■ Task item
An exact copy of the lines of the listing below between the "Email Signature Guidelines" line and the "Lucerne city, view" line, both included, is the whole answer; please omit the pictures.

---------- Supplied records ----------

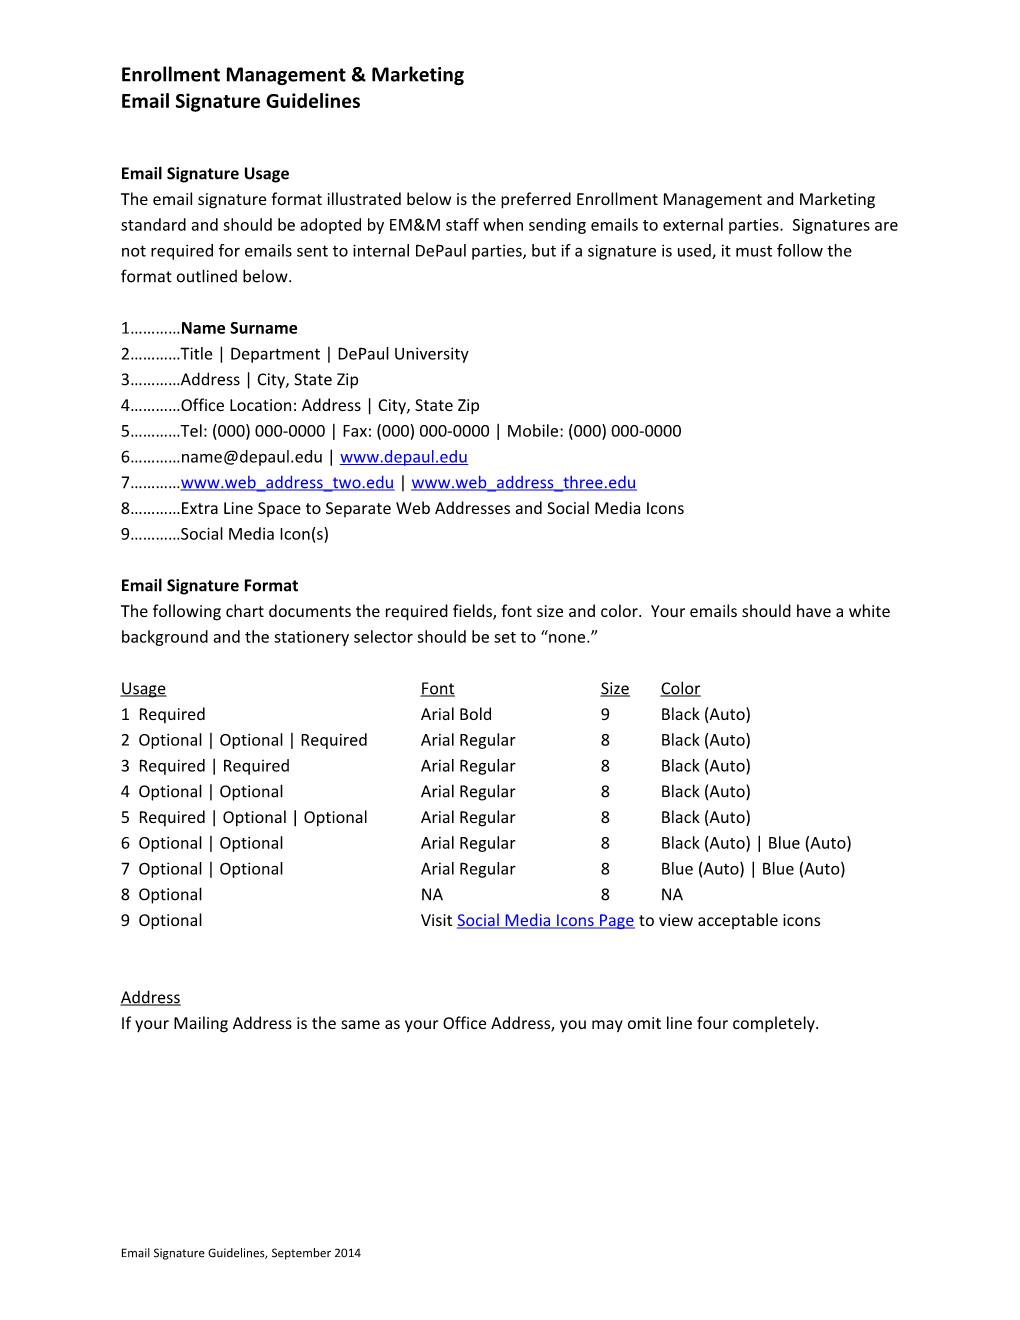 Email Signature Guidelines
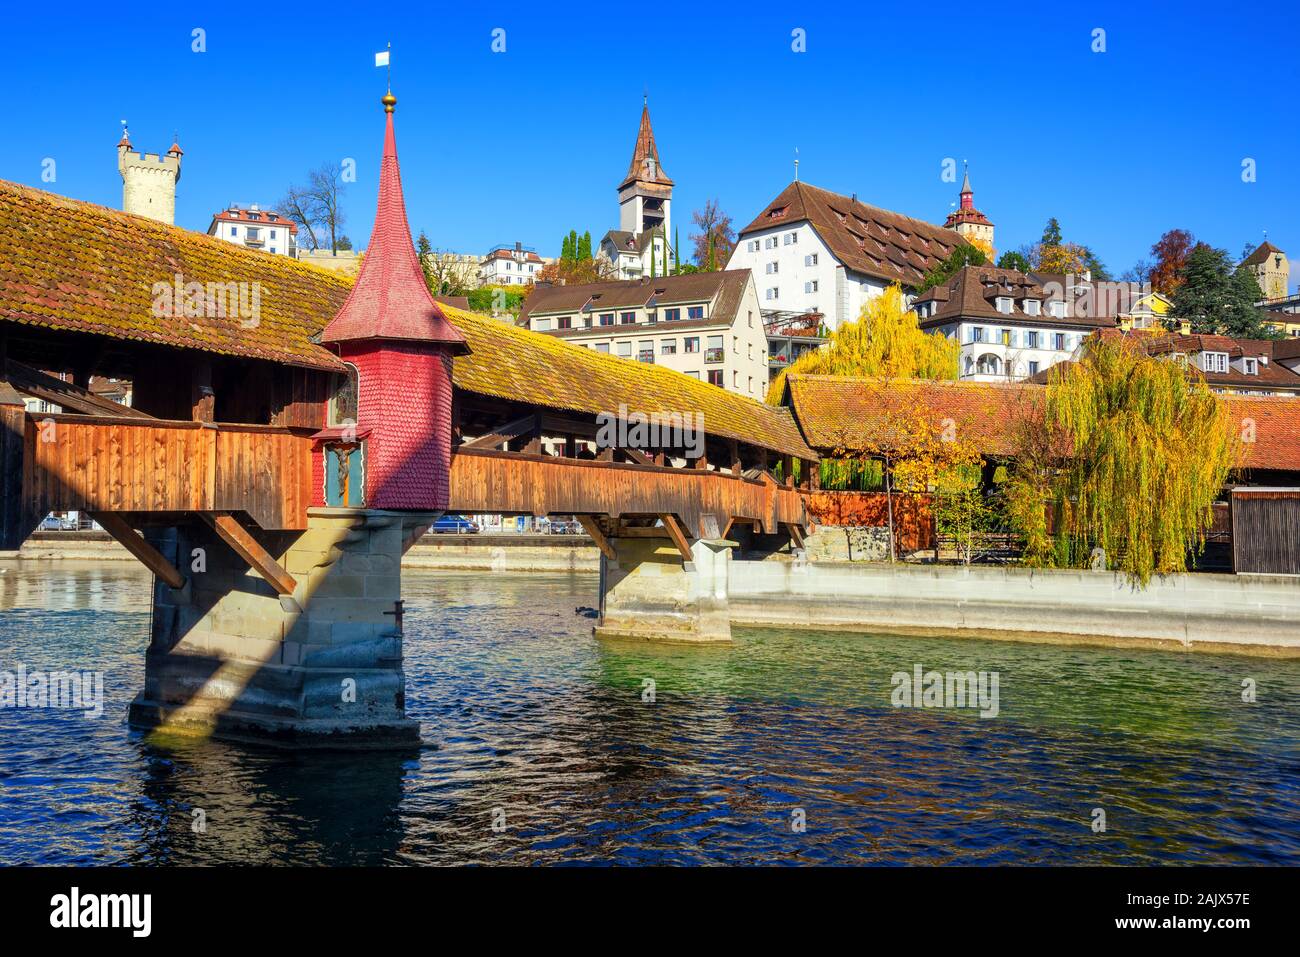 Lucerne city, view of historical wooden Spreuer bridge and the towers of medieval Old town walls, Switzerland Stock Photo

----------
---------- Supplied records ----------

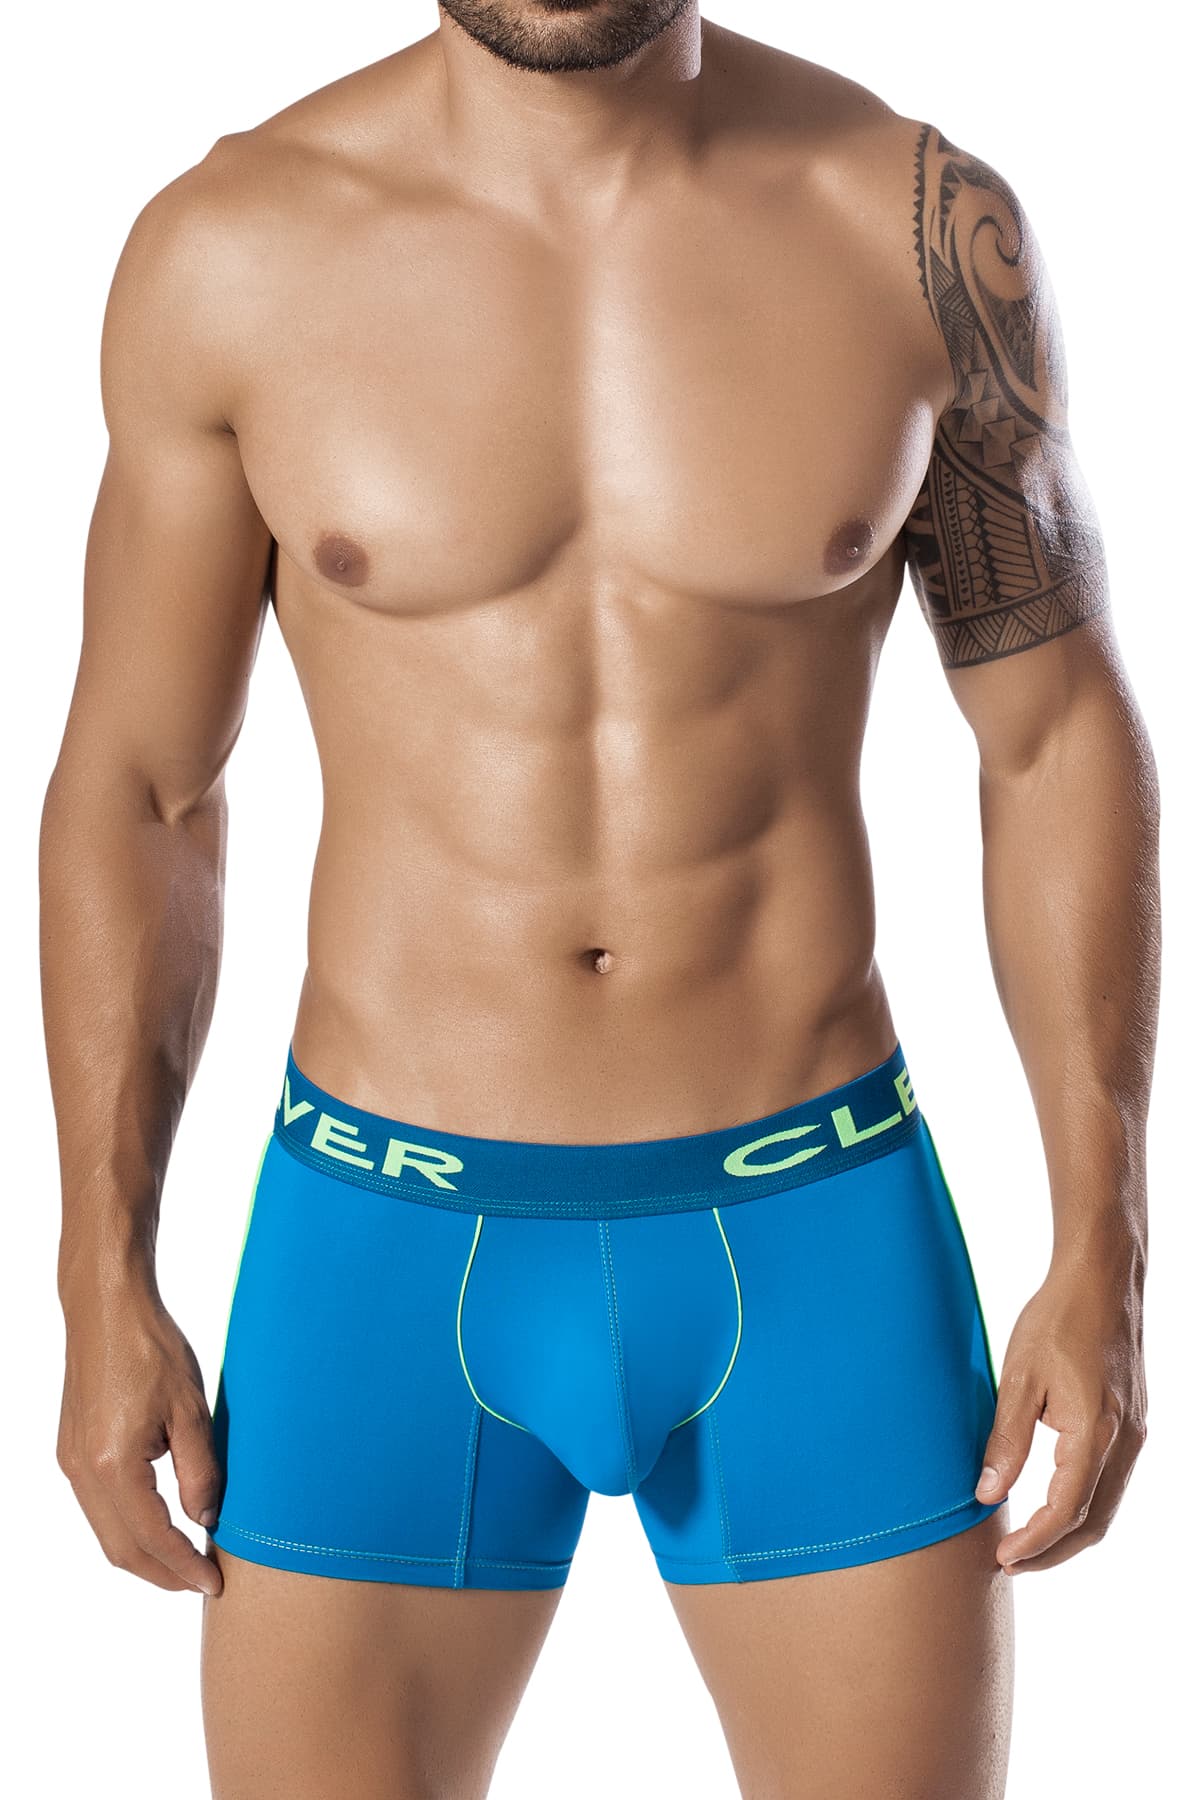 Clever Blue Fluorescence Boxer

----------
---------- Supplied records ----------

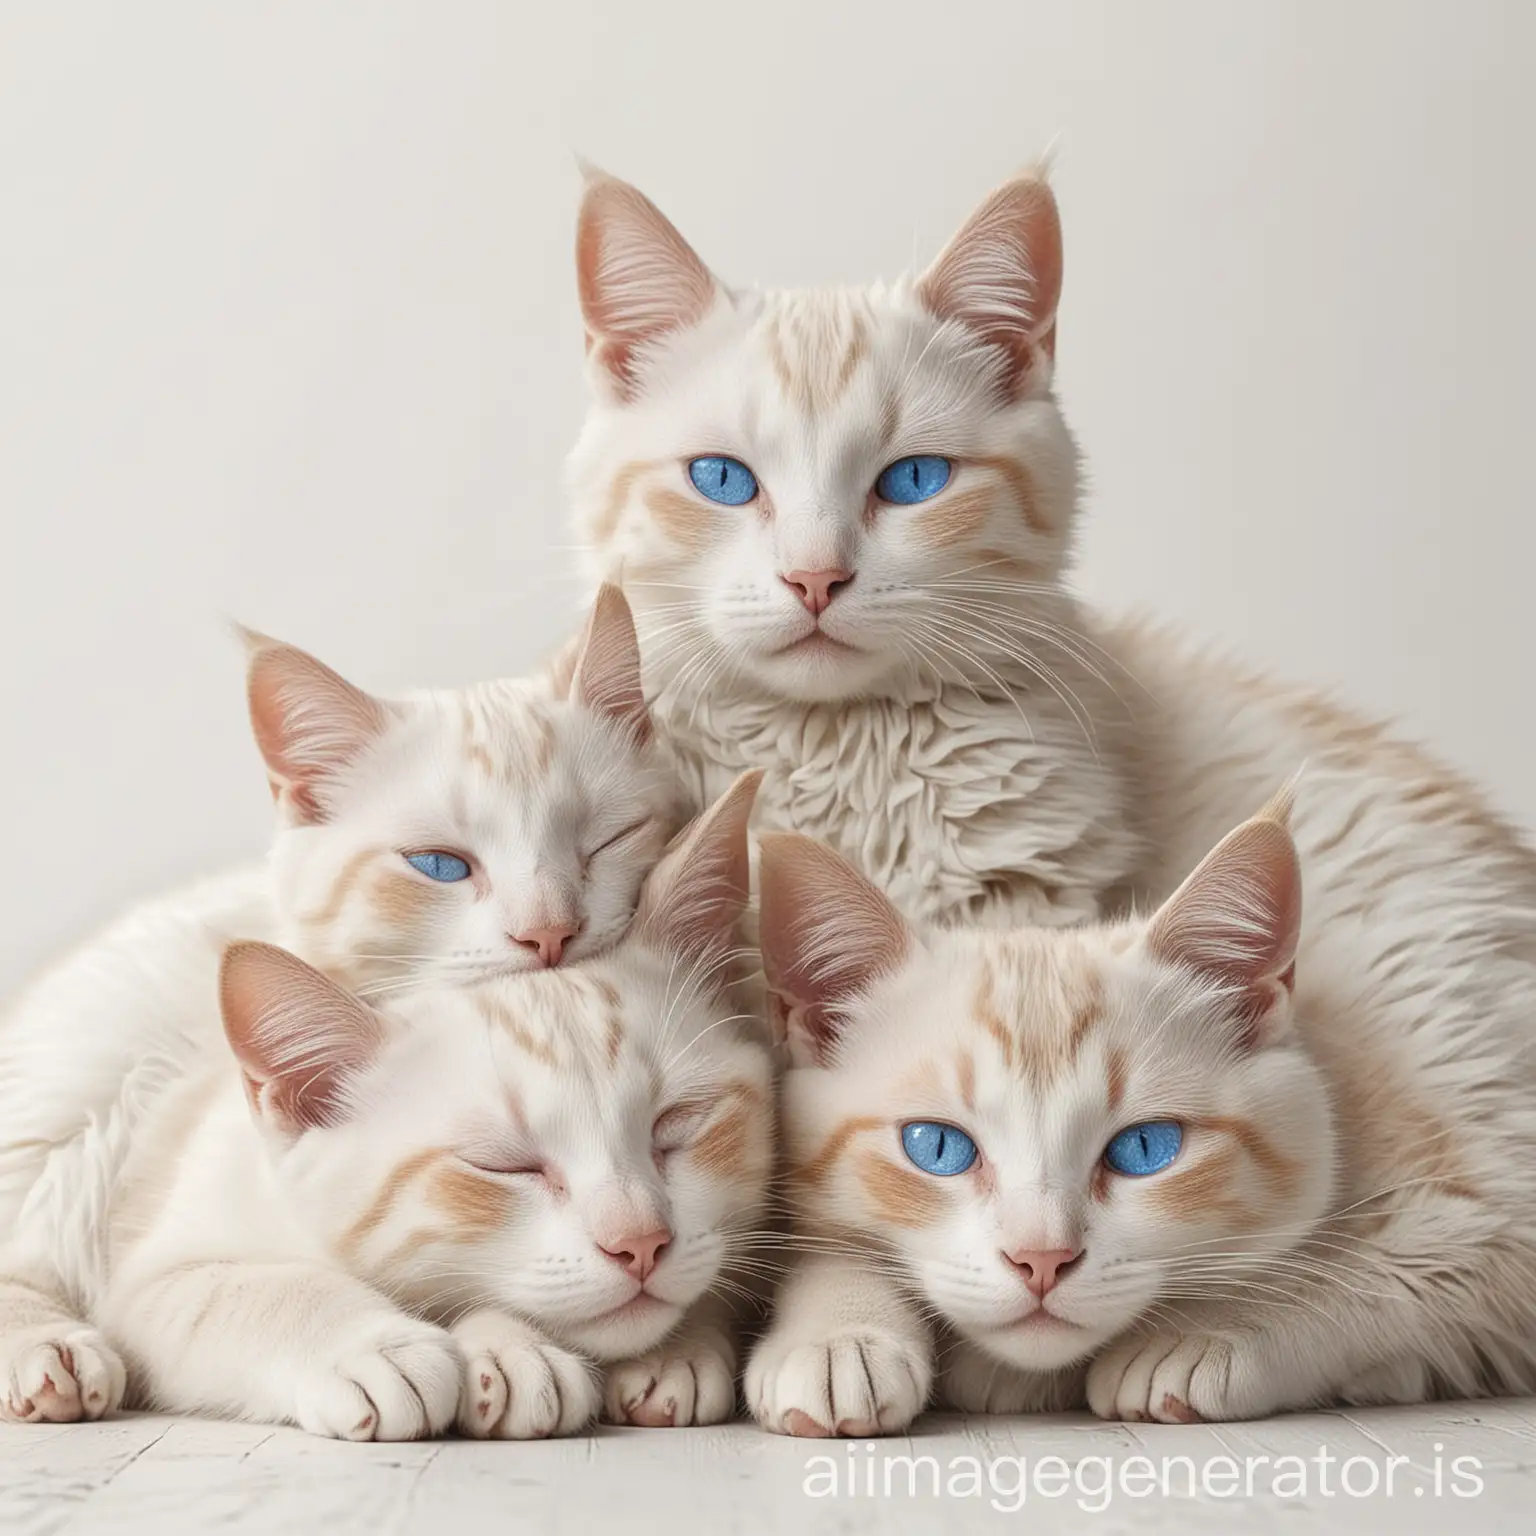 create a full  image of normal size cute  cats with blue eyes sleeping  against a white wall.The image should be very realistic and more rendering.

----------

■ Solution for this exercise
 Email Signature Guidelines
 Lucerne city, view of historical wooden Spreuer bridge and the towers of medieval Old town walls, Switzerland Stock Photo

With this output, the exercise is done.